But seriously, where is this mud that I keep walking through and keep getting stuck in? I feel as though I take one step forward & not 3, not 4, but 678,938,430,984 steps back.
It always works in mysterious, & annoying ways. It's days when I realize that slowly but surely, things are starting to fall in place & make sense, are also the days that something falls apart & puts me right back at square one. It's a tease. I know what I want, I can see it, yet I keep getting knocked down. It's like someone is watching me & the second they see that I am content, they throw a curveball at me.
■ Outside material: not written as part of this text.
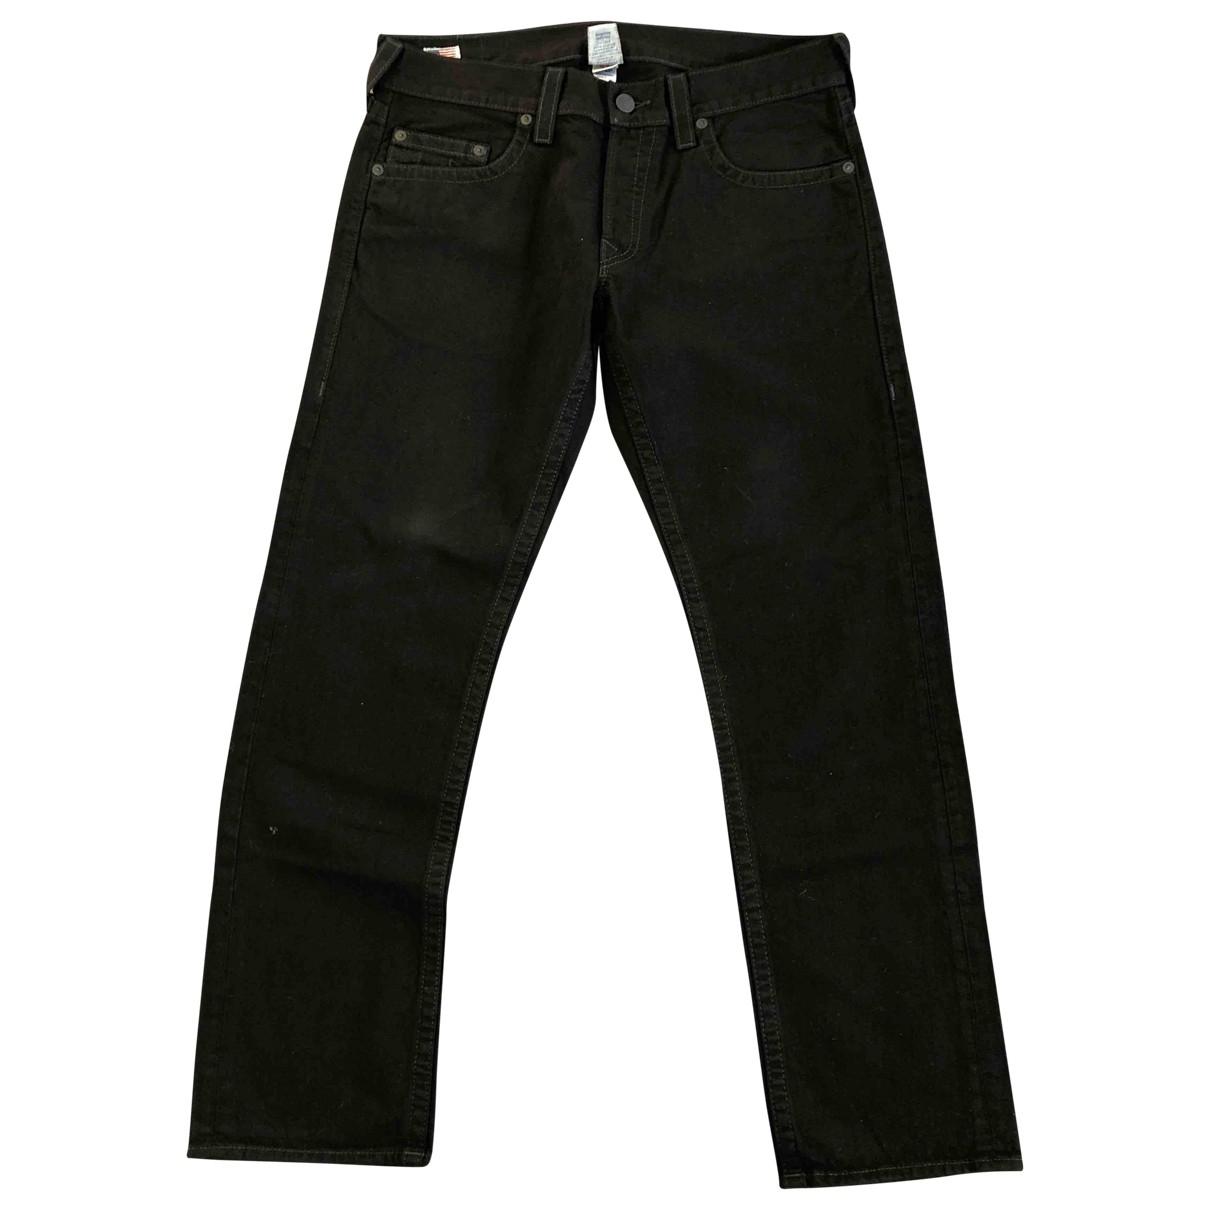 True Religion \N Black Cotton - elasthane Jeans for Men 36 US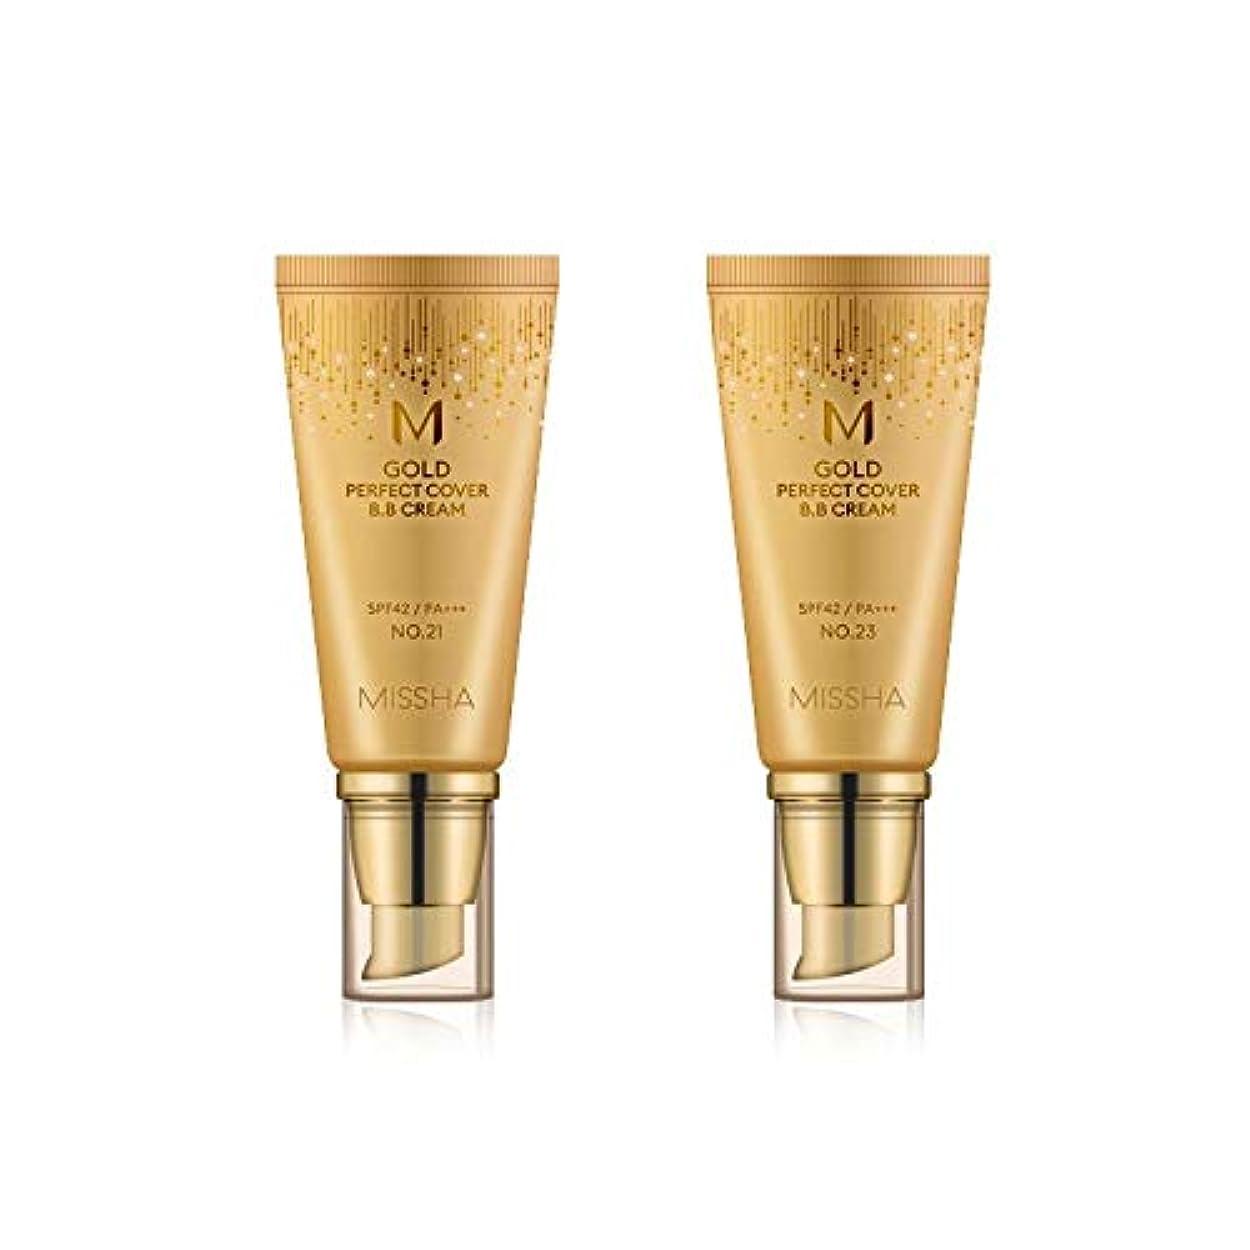 あいまいなペダル精巧なMISSHA Gold Perfecte Cover BB Cream SPF42 PA+++ / ミシャ ゴールド パーフェクト カバー BBクリーム 50ml *NO.23 [並行輸入品]

This is my journal. My words, thoughts, feelings, there all mine. So when I say that I have cried every day for the past week, I feel embarrassed. Yet at the same time, that's my life. I have such a fire inside of me that is ready to be put towards a job, a person, a place, but I can't seem to find the matches to light it. It's frustrating. Very, very frustrating.
I have applied for jobs like it's my job. Cover letter, resume, references, all sent to multiple employers & each time I get nothing. I feel defeated & discouraged. I yearn so much for that job that I can't wait to get to each morning, that job that challenges my creativity & personality.
In these days of confusion, I can't help but remind myself that this is life. This is my life. If I give up, I won't get anywhere. I can't, & won't, let myself be this person.
I will put on my big girl underwear, keep applying for jobs, keep believing that something great is about to happen, tell myself that there is a reason for all these setbacks, & keep moving forward.